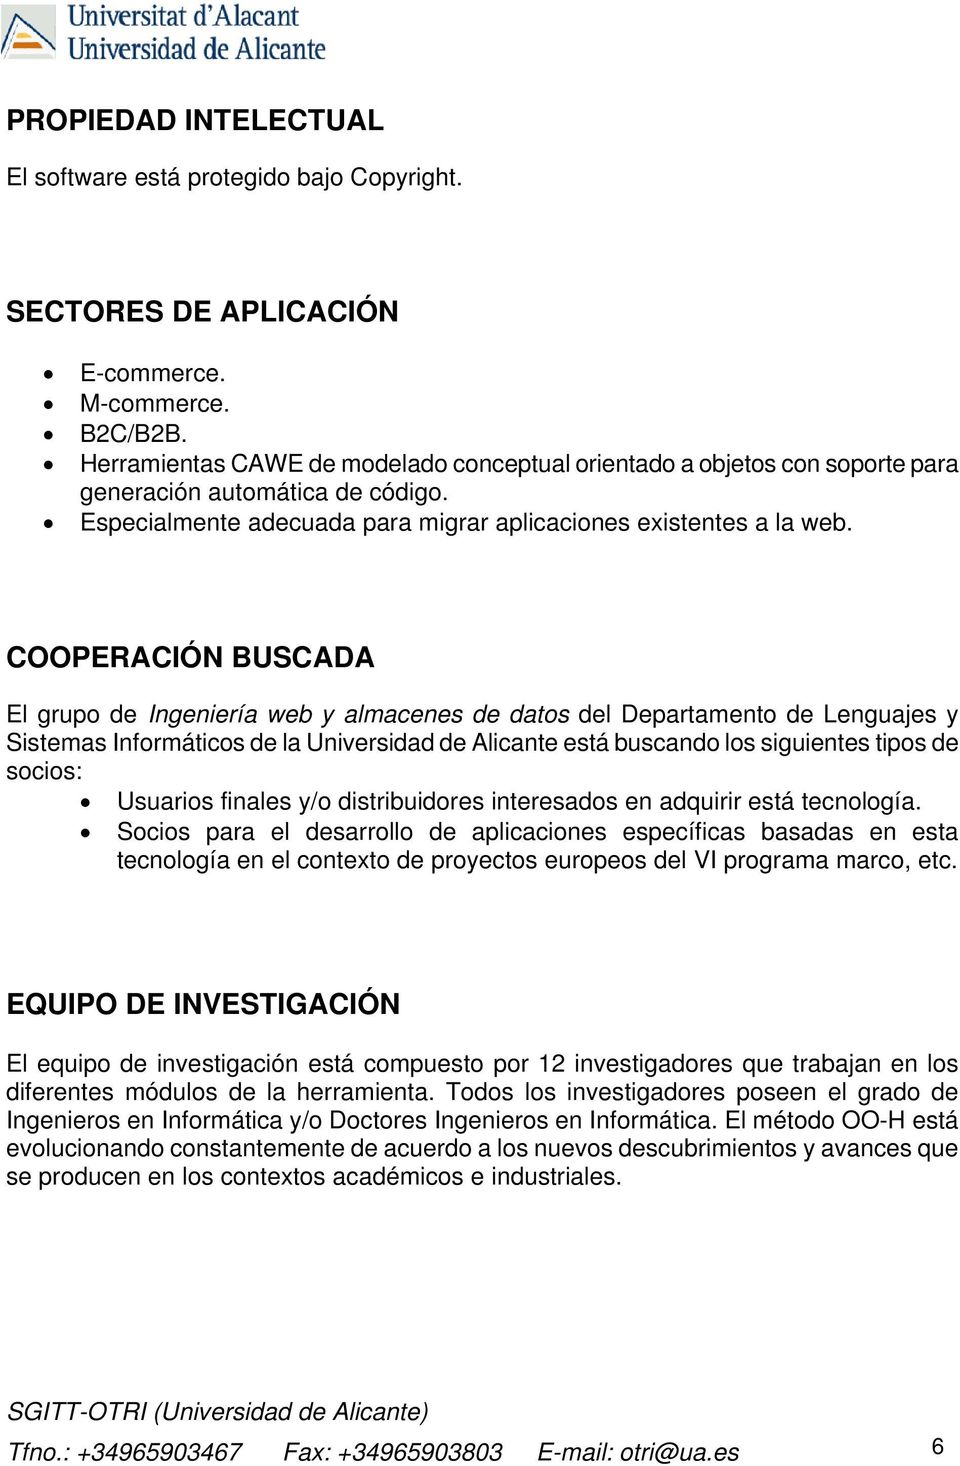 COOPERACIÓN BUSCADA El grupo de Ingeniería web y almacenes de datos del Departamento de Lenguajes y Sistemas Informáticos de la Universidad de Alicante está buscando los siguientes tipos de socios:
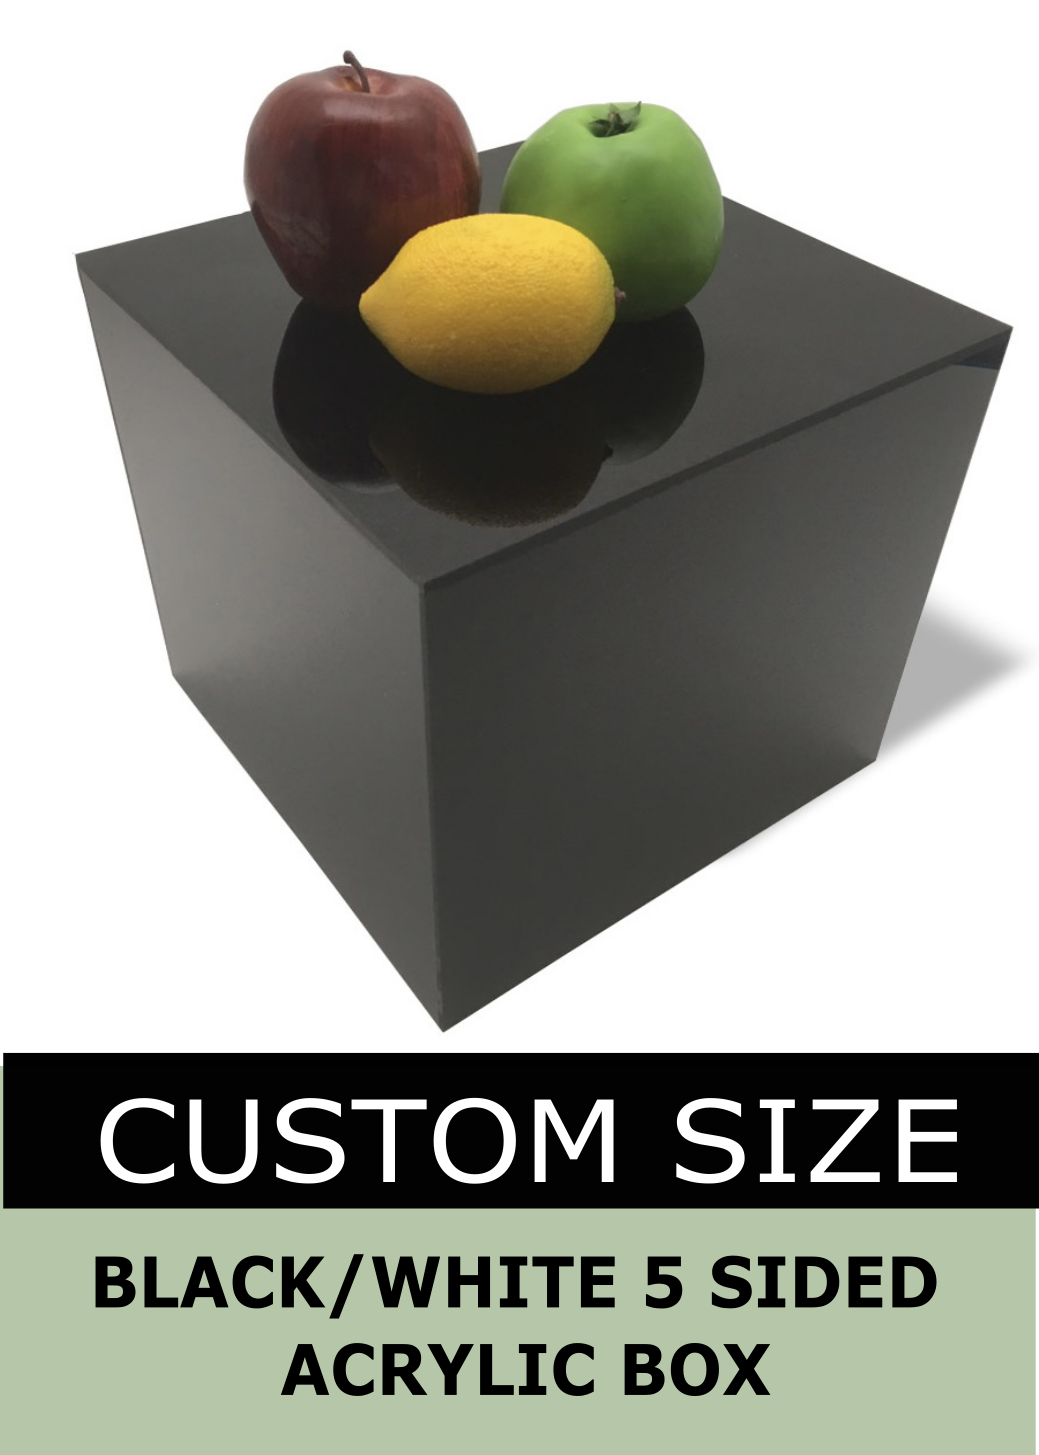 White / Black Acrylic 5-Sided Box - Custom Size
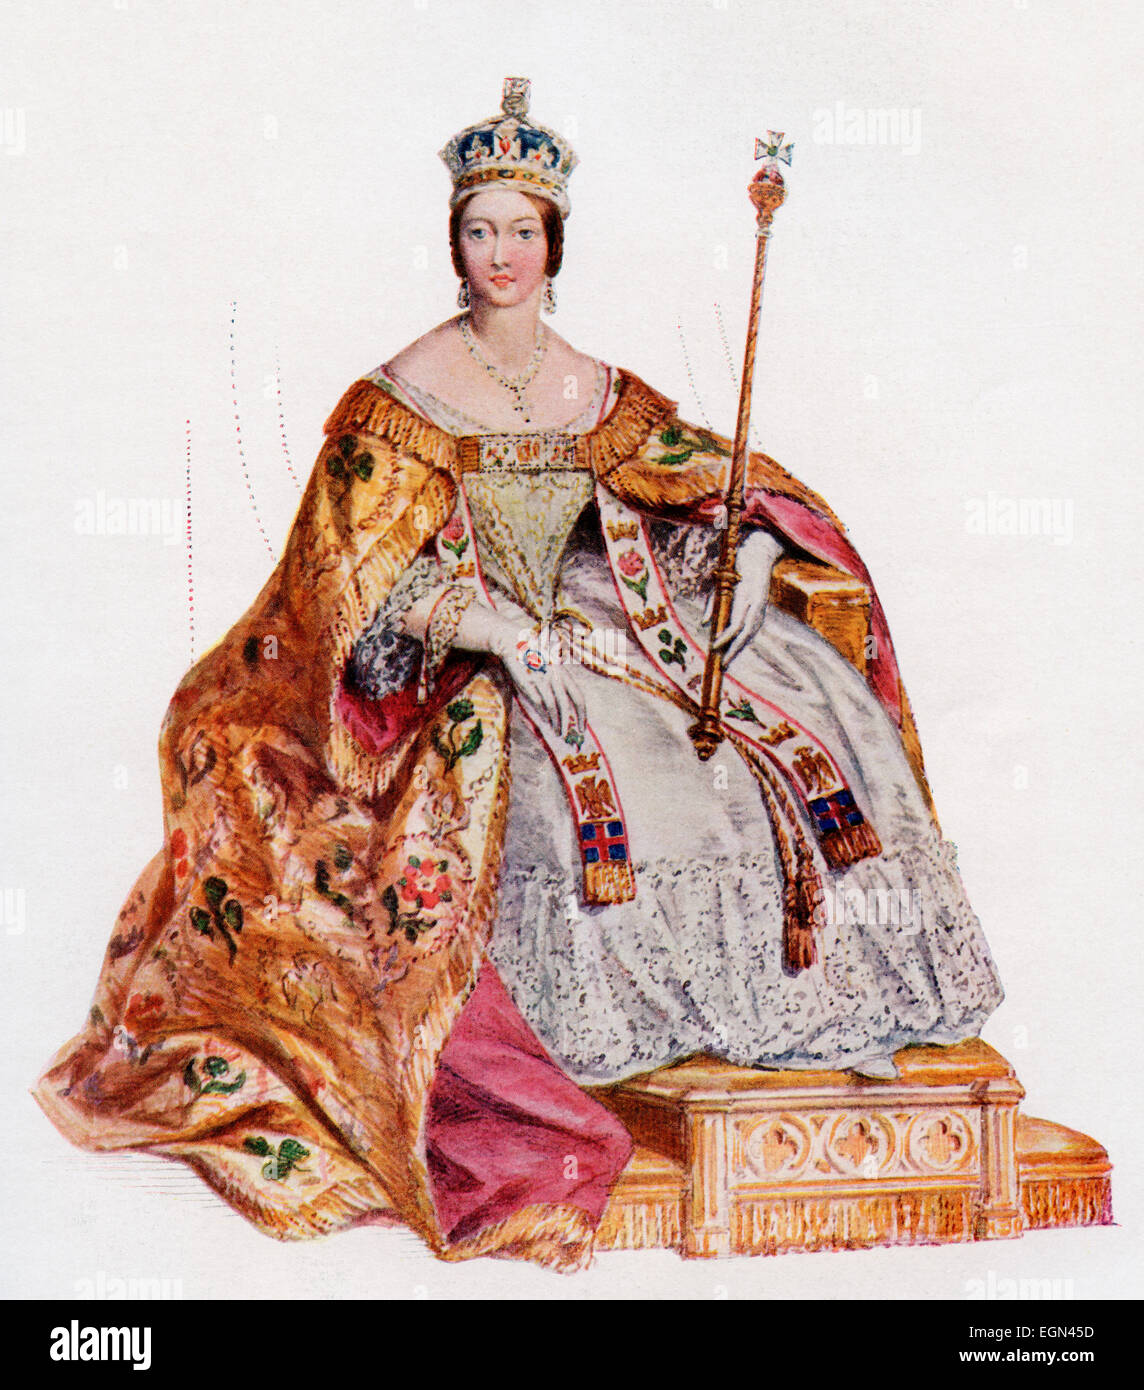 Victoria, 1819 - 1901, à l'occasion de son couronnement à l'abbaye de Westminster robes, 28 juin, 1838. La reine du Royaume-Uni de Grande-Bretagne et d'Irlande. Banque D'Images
- - -
* What you have to do *
Wherever a picture appears, omit it; copy the rest of the data exactly.

* Task solution *
 COOPERACIÓN BUSCADA El grupo de Ingeniería web y almacenes de datos del Departamento de Lenguajes y Sistemas Informáticos de la Universidad de Alicante está buscando los siguientes tipos de socios:
 White / Black Acrylic 5-Sided Box - Custom Size
 Victoria, 1819 - 1901, à l'occasion de son couronnement à l'abbaye de Westminster robes, 28 juin, 1838. La reine du Royaume-Uni de Grande-Bretagne et d'Irlande. Banque D'Images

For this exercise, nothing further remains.